Photo/Illutration Rescue workers evacuate residents of Komatsu, Ishikawa Prefecture, on Aug. 4 after heavy flooding. (Yunisu Mahar)

Failure to address global warming could result in a third of the world’s population facing temperatures exceeding 52 degrees and daily rainfall levels of 300 millimeters by the end of this century.

That is the dire forecast put together by a group of researchers at the University of Tokyo.

“The research results show that measures to deal with climate change based on past experience will be insufficient and that there is a need for even further reductions in greenhouse gas emissions and greater international support and cooperation,” said Taichi Sano, a doctoral candidate in the engineering graduate school and one of the key members of that group.

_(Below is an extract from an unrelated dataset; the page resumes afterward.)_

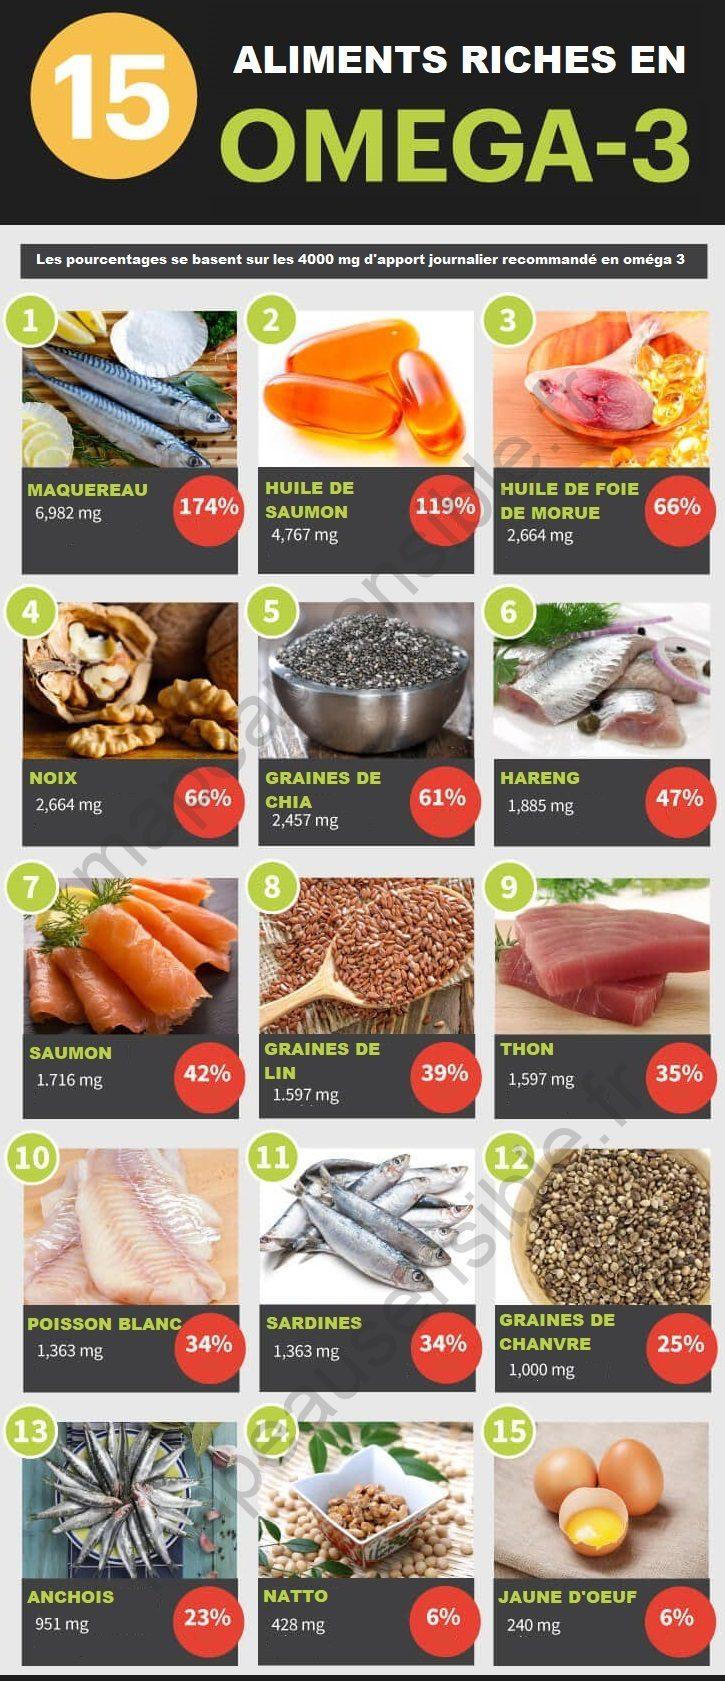 aliments-riches-en-omega-3
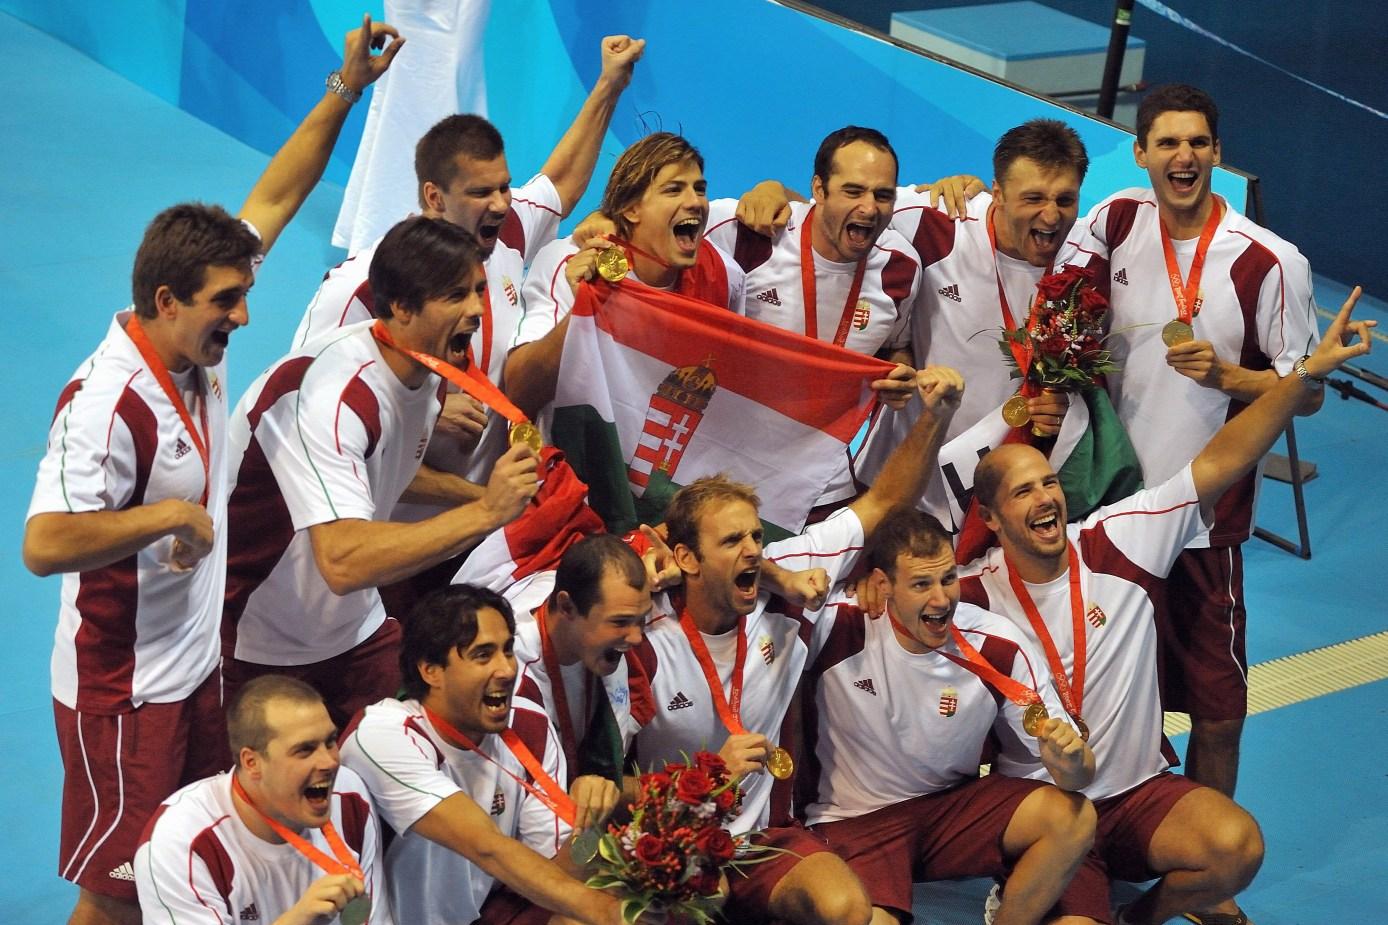 olimpiaibajnokvalogatott01

The research results are expected to be published shortly in a journal of Britain’s Institute of Physics.

The research was aimed at analyzing changes likely to occur over the course of this century with regard to the possibility of climatic disasters on a scale that occur once every two decades due to global warming.

If nothing is done, the researchers projected that 2.52 billion people, or 34 percent of the world’s population, could face the risk of unthinkable high temperatures and relentless heavy rainfall.

The research also pointed out that even if the initial goal set in the Paris Agreement on climate change to keep the increase in average global temperatures under 2 degrees of the level before the Industrial Revolution was met, about 1.1 billion people, or 16 percent of the total, would still face similar climate risks at the end of the century.

Areas that would be affected are heavily populated ones, such as South Asia and the Sahel region of Africa, that are already witnessing the devastating effects of global warming.

Unless more is done to tackle the problem, the impact will only become more severe with the result that those living in the affected regions would face tremendous difficulties coping with the effects of global warming.

Because people living in other regions could also someday face similar climate risks, there would be a need to learn from the measures implemented in the regions affected first, research group members said.